T 0477/96 (Laser deposition/SUMITOMO) of 25.7.2000

Summary of Facts and Submissions

I. This appeal lies from the decision of the opposition division dated 7 May 1996 rejecting the opposition against European Patent No. 0 398 164 pursuant to Article 102(2) EPC.

Claim 1 as granted reads as follows:

"1. A method of fabricating an oxide superconducting film comprising:

a first deposition step of applying a laser beam (2) to a target (1) of an oxide superconductive material for depositing atoms and/or molecules scattered from said target (1) on a first portion (4) of a substrate (3) under atmosphere containing oxygen; and

a second deposition step of moving said substrate (3) for depositing atoms and/or molecules scattered from said target (1) on a second portion of said substrate (3), being different from said first portion (4) of said substrate (3), under atmosphere containing oxygen, so that film formation is performed on said second portion of said substrate (3), while said first portion (4) of the substrate (3) previously subjected to film formation is oxygen-annealed to enable incorporation of sufficient oxygen,

said first and second deposition steps being alternately repeated."

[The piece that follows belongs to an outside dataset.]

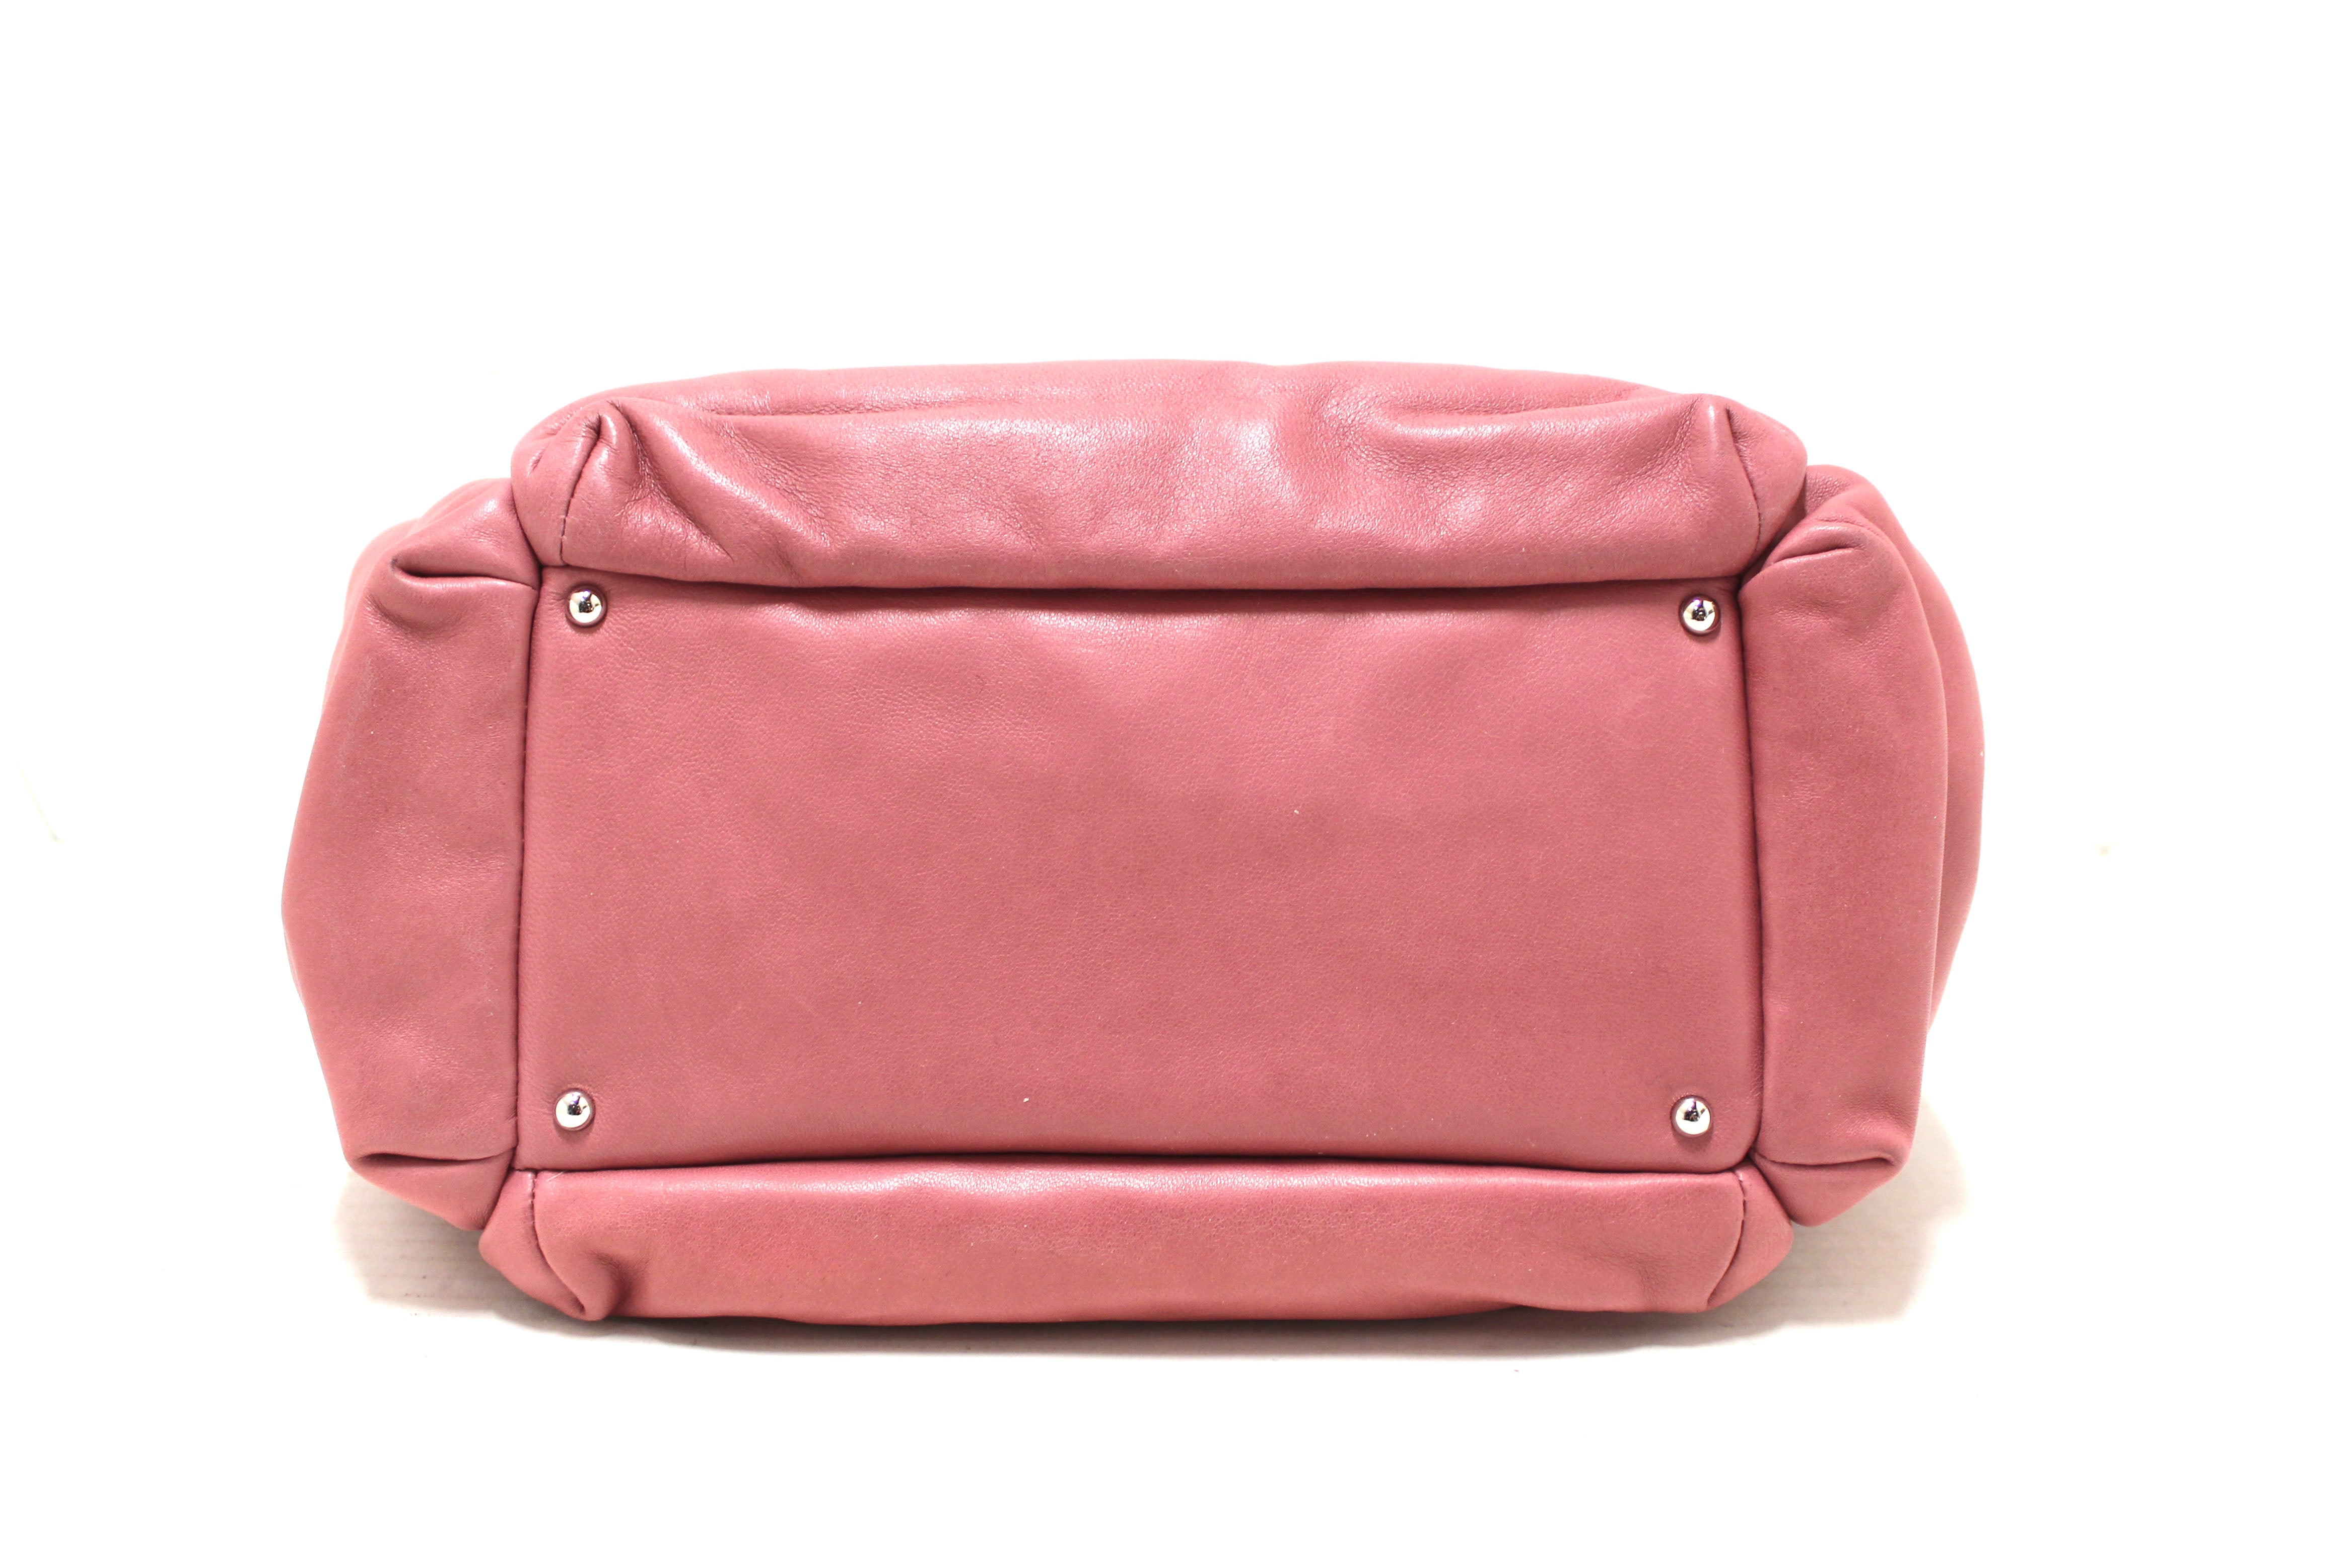 Authentic Chanel Pink Lambskin Leather Shoulder Bag

Claim 2 as granted is dependent on claim 1.

II. An opposition was filed by the appellant (opponent) on the grounds of lack of inventive step (Article 100(a) EPC) having regard to the prior art documents:

D1: Applied Physics Letters, No. 53, 17 October 1988, pages 1557 - 1559;

D2: US-A-4 420 385;

D3: Applied Physics Letters, No. 54, 15 May 1989, pages 2035 - 2037;

D4: JP-A-64-72 418 and corresponding abstracts;

D5: EP-A-0 167 383;

D6: Applied Physics Letters, vol. 51, 24 August 1987, pages 619 - 621;

D7: JP-A-64-72 427 and corresponding abstracts; and

D8: JP-A-64-12 427 and corresponding abstracts.

III. In the decision under appeal, the opposition division held that the technical problem addressed by the patent in suit related to incorporation of sufficient oxygen in an oxide superconducting film under the condition of a relatively fast formation of the film, and not to the problem of depositing an oxide superconductor film on a substrate having a large area, as suggested by the opponent. The opposition division found in particular that none of the cited prior art disclosed the feature of sequentially depositing the oxide superconductor film in different regions of the same substrate.

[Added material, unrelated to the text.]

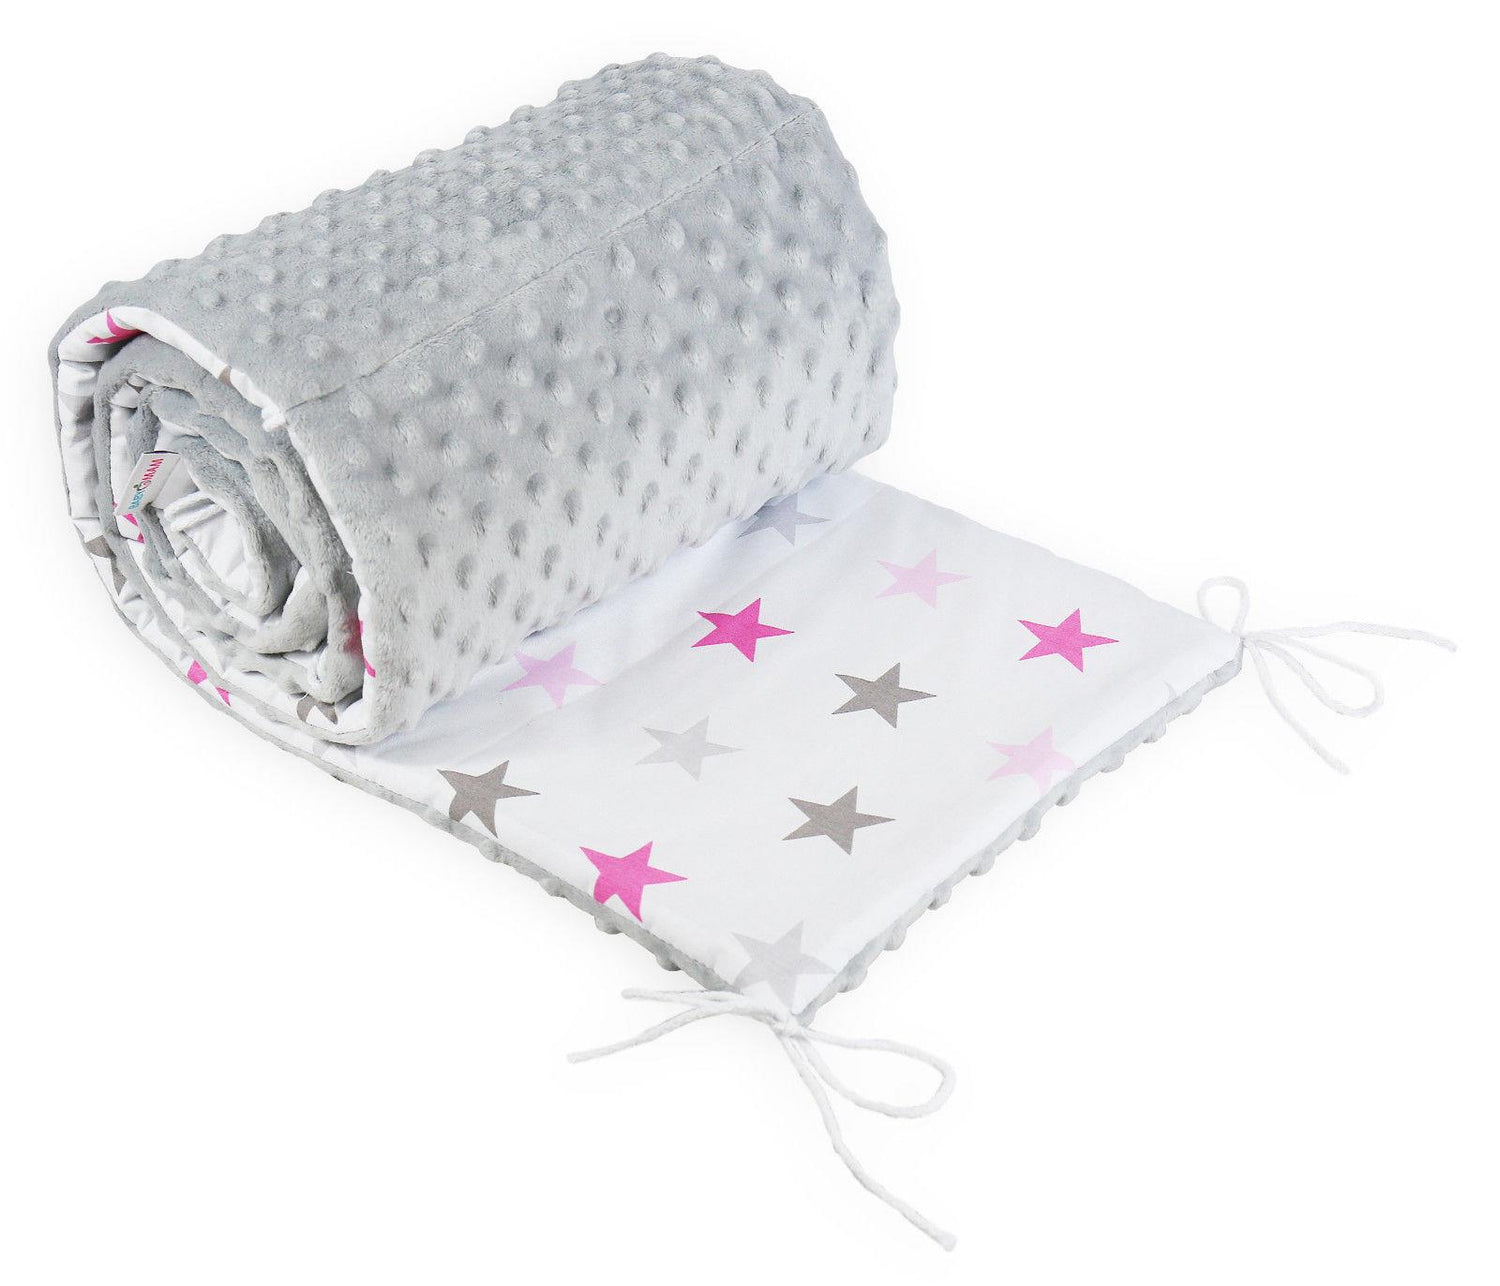 Baby dimple padded bumper nursery protection fit cot bed 140x70 190cm Grey / Pink grey stars

IV. The appellant filed the notice of appeal on 15 May 1996, paying the appeal fee the same day. The statement of the grounds of appeal was filed on 17 July 1996.

V. During the oral proceedings held on 25 July 2000, the parties made the following requests:

The appellant requested that the decision under appeal be set aside and that the European patent No. 0 398 164 be revoked.

The respondent requested that the appeal be dismissed and that the patent be maintained as granted.

VI. The appellant made essentially the following arguments in support of his requests:

(a) The objective technical problem addressed by the patent in suit cannot be related to increasing the deposition speed, since claim 1 does not contain any features that would solve such a problem. On the contrary, the requirement in claim 1 that the first and second deposition steps are alternately repeated will rather slow down the overall deposition process. Therefore, the objective technical problem was to provide a method for depositing an oxide superconductor on a substrate having a large surface.

(b) Since laser ablation can only be carried out on a small area, this technique can be used for depositing an oxide superconductor on a substrate having a large area only by sequentially depositing the superconductor film on smaller subregions of the substrate. Such an approach is however obvious to the skilled person, since it is known from everyday life: Thus, in painting a surface having an area beyond what can be covered with a single stroke of a brush, the surface has to be coated with paint by sequentially painting one subregion of the surface after the other. It is also generally known from this practice that the regions just painted would immediately start drying while further subregions are being painted, and also that the painting process can be repeated in order to obtain a thicker coat of the paint.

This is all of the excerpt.